EXERCISE GOAL
Pictures in the entries below are excluded; copy only the lines from the one containing "LICENTE: Windows 10" to the one containing "Party report: Tech", both included.

EXERCISE INPUT
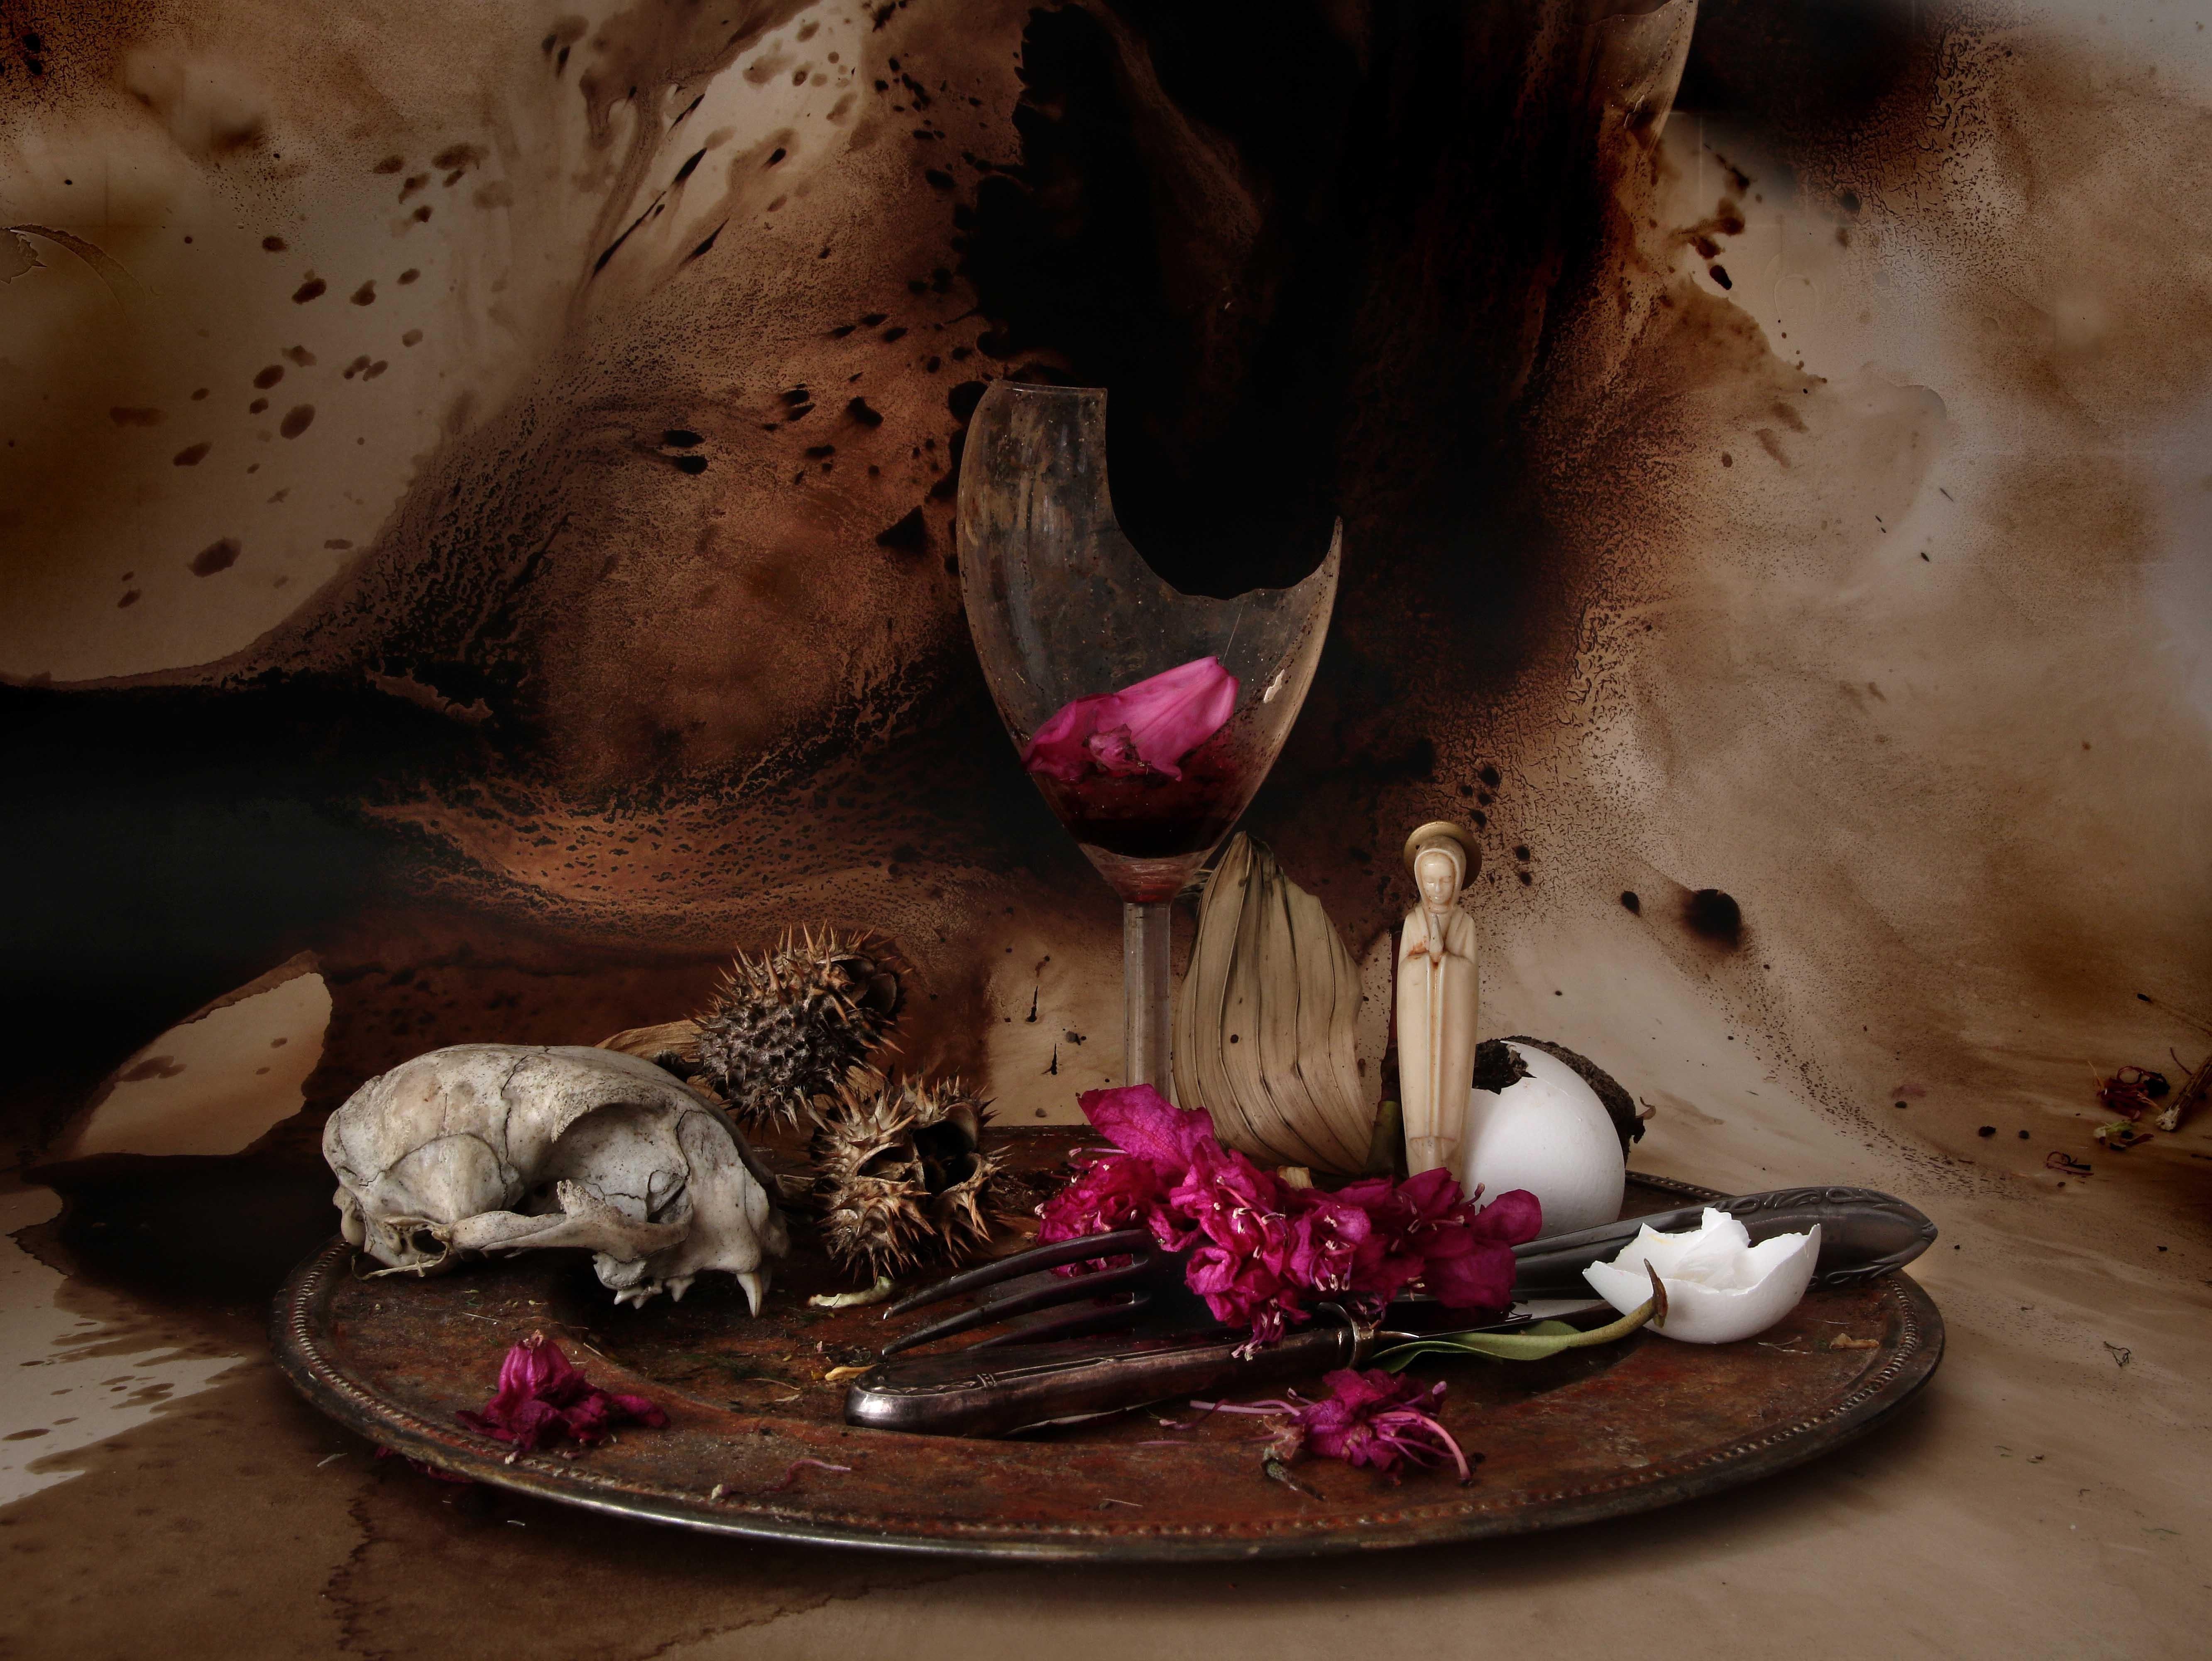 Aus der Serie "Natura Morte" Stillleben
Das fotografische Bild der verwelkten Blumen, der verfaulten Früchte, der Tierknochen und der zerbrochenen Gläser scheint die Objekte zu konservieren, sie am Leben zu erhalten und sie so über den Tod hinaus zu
...
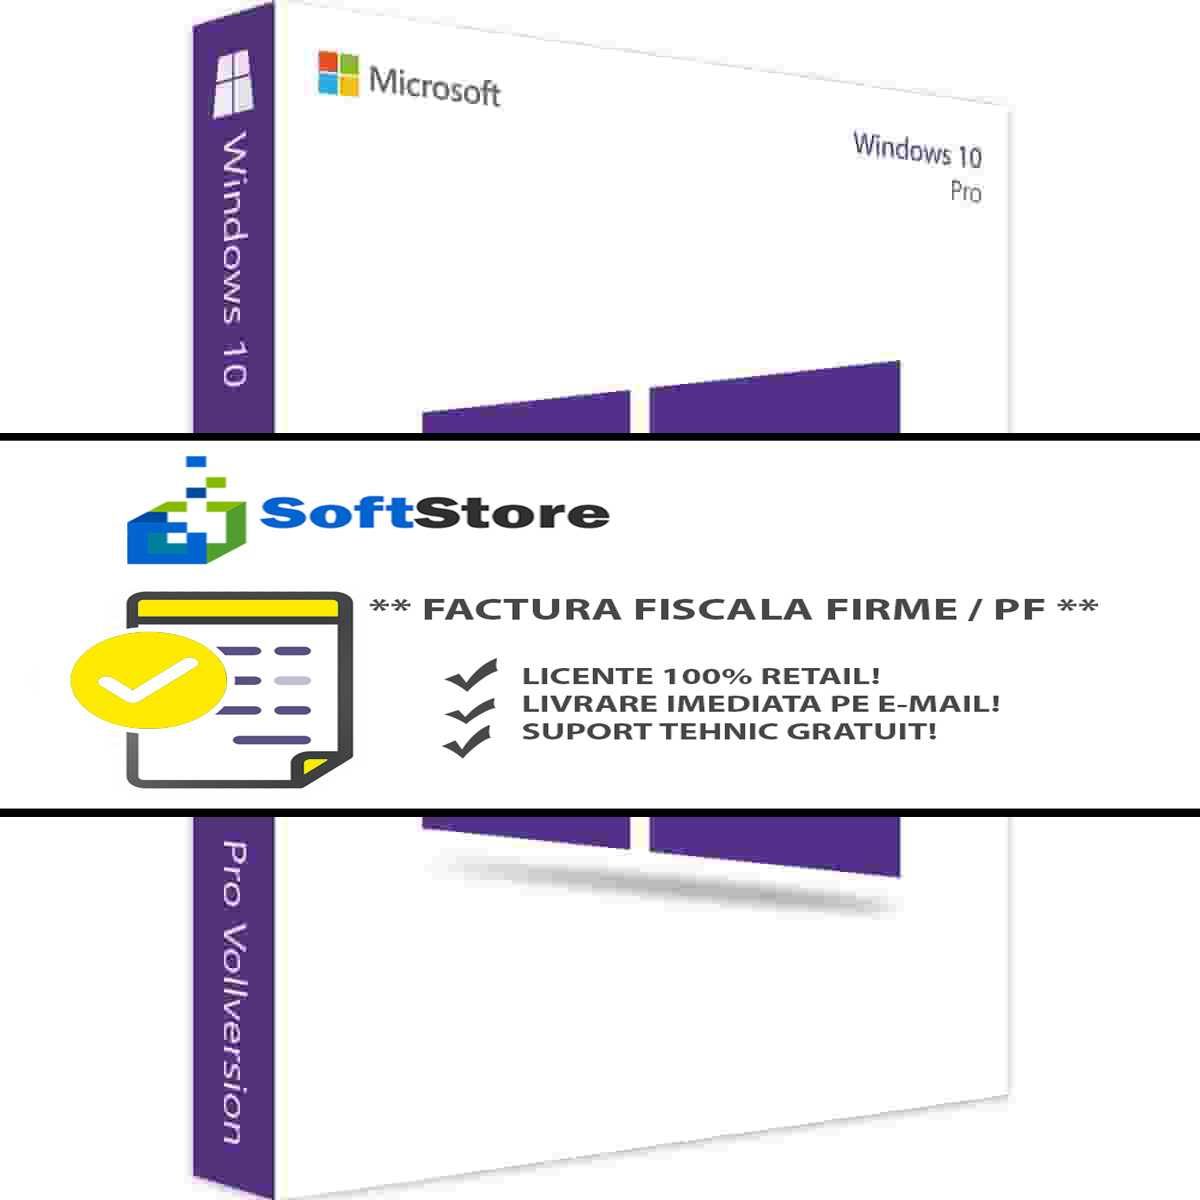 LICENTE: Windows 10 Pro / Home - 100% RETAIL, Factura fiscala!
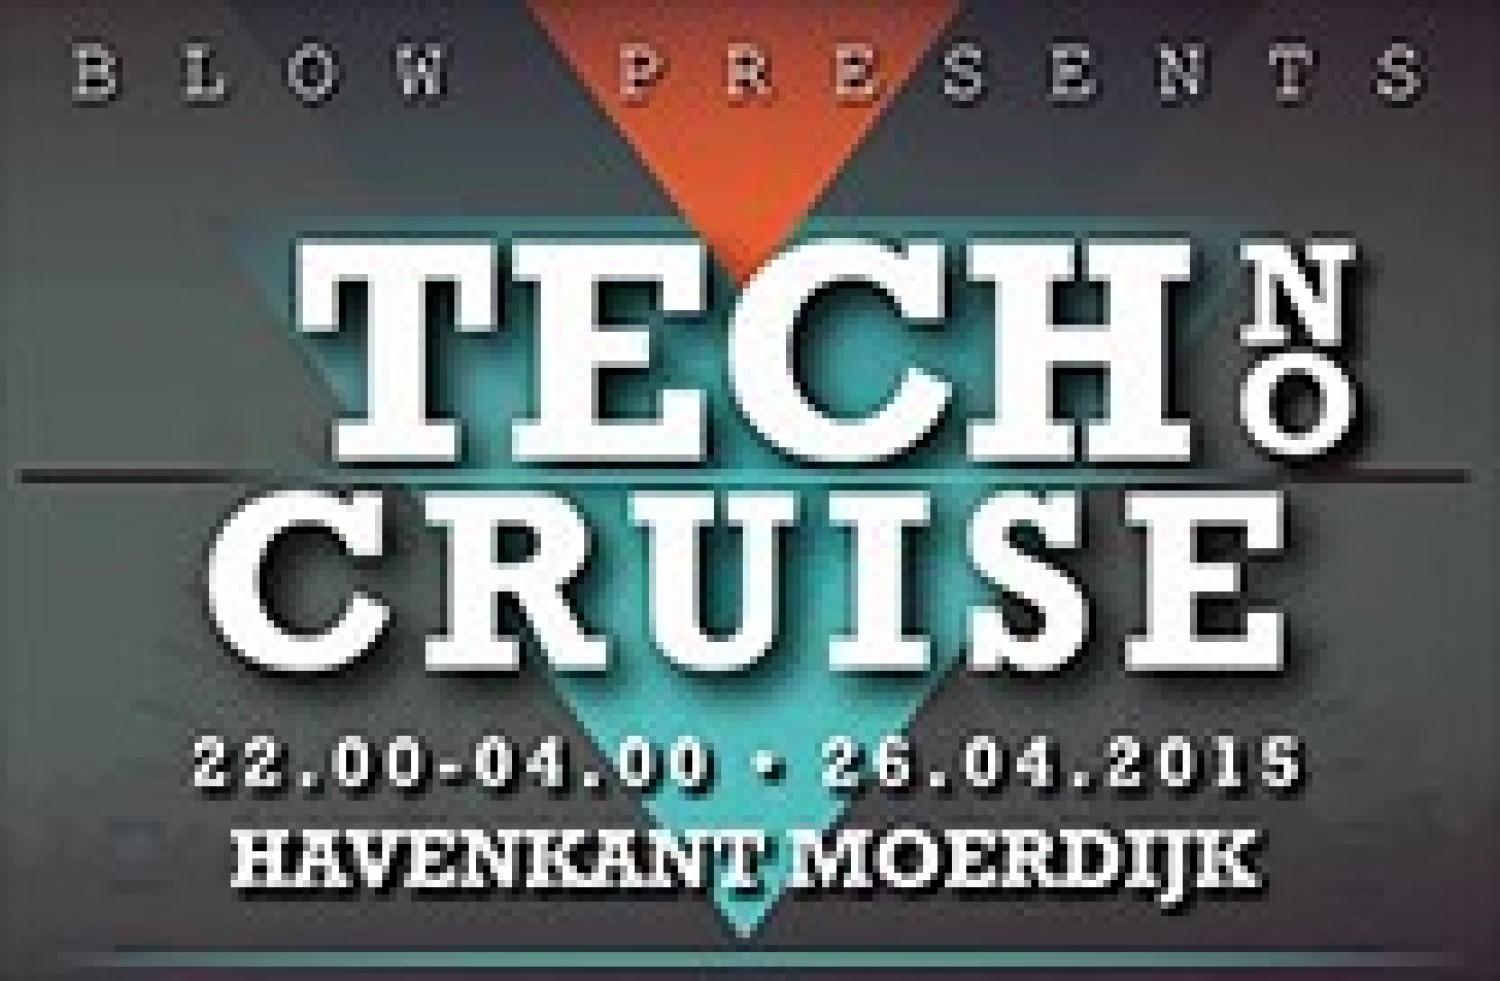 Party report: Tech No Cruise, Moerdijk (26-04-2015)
---
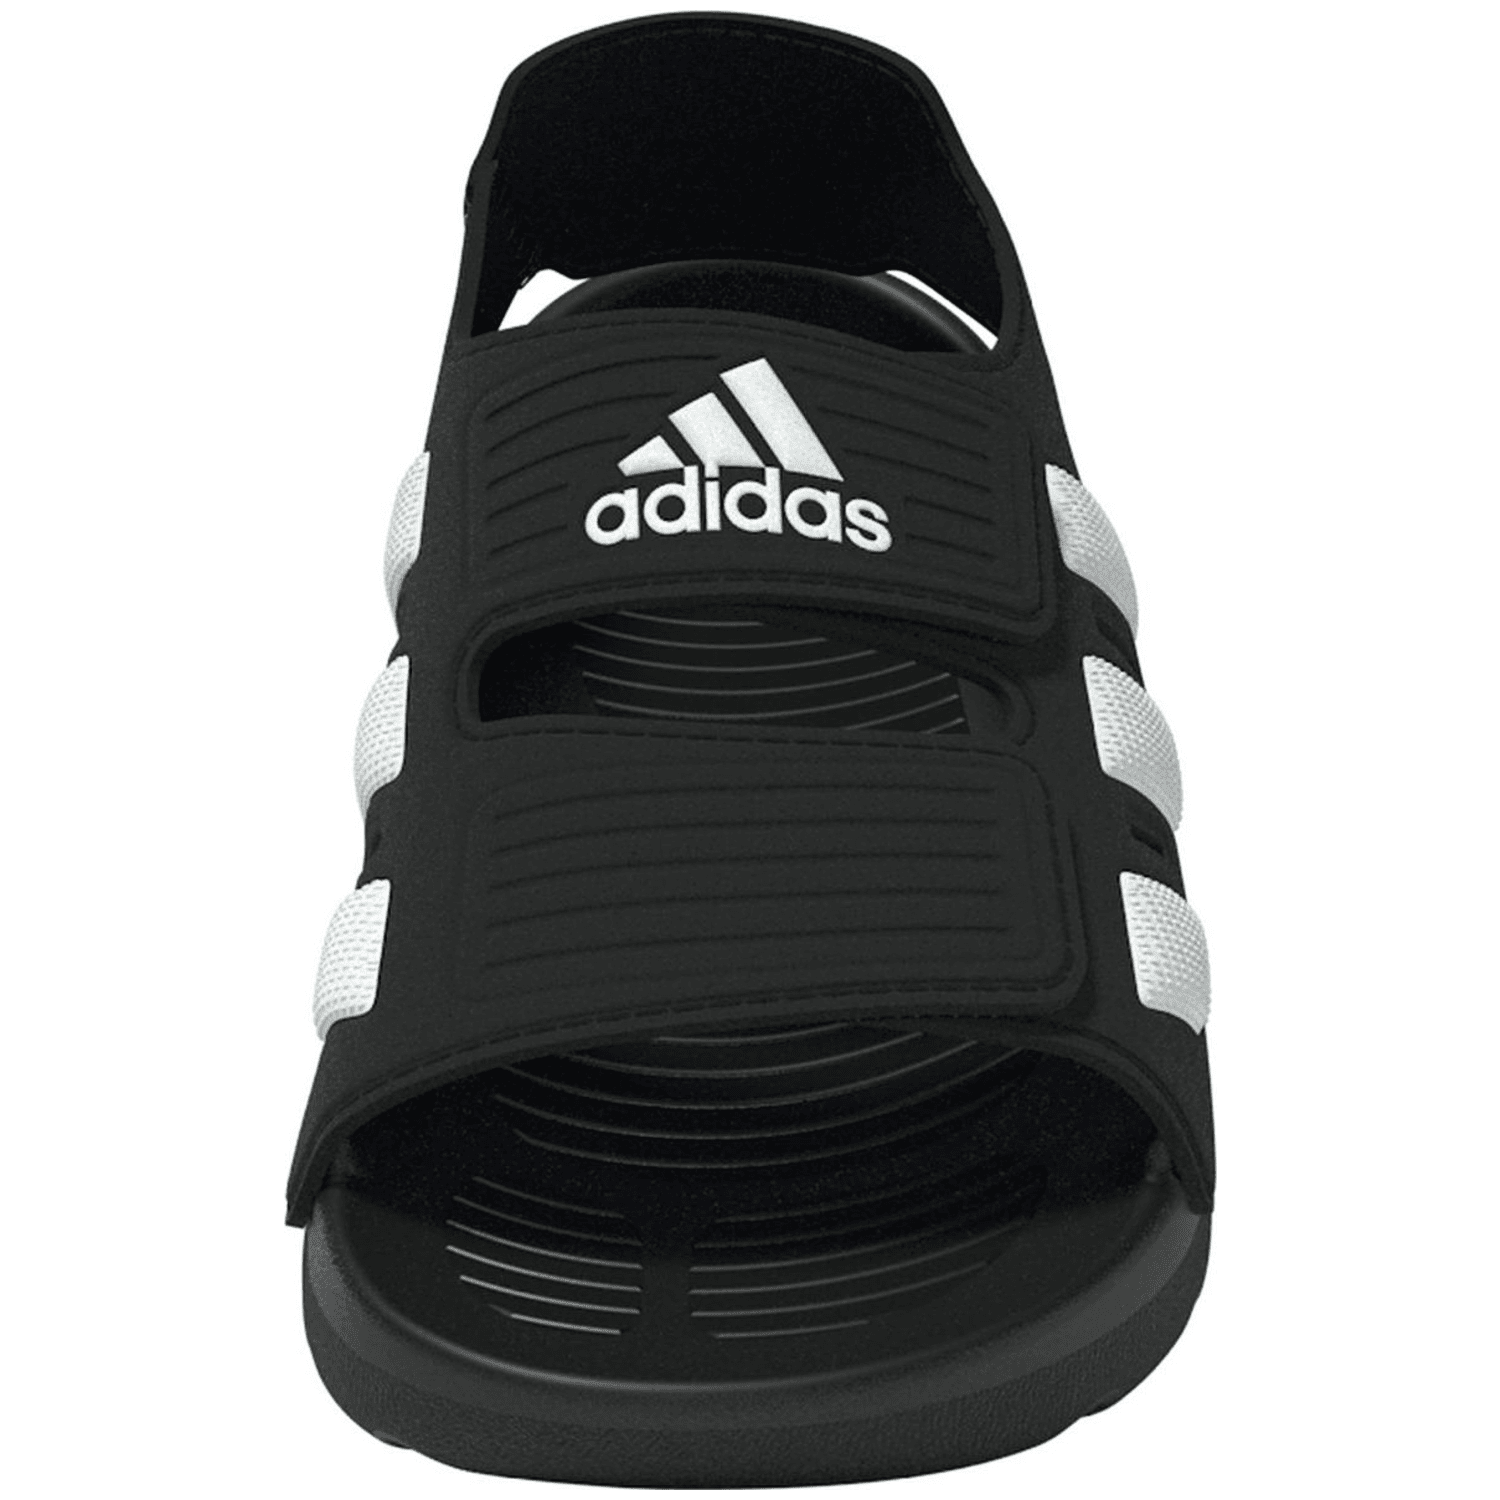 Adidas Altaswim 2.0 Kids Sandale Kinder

WRITTEN RESPONSE
 LICENTE: Windows 10 Pro / Home - 100% RETAIL, Factura fiscala!
 Party report: Tech No Cruise, Moerdijk (26-04-2015)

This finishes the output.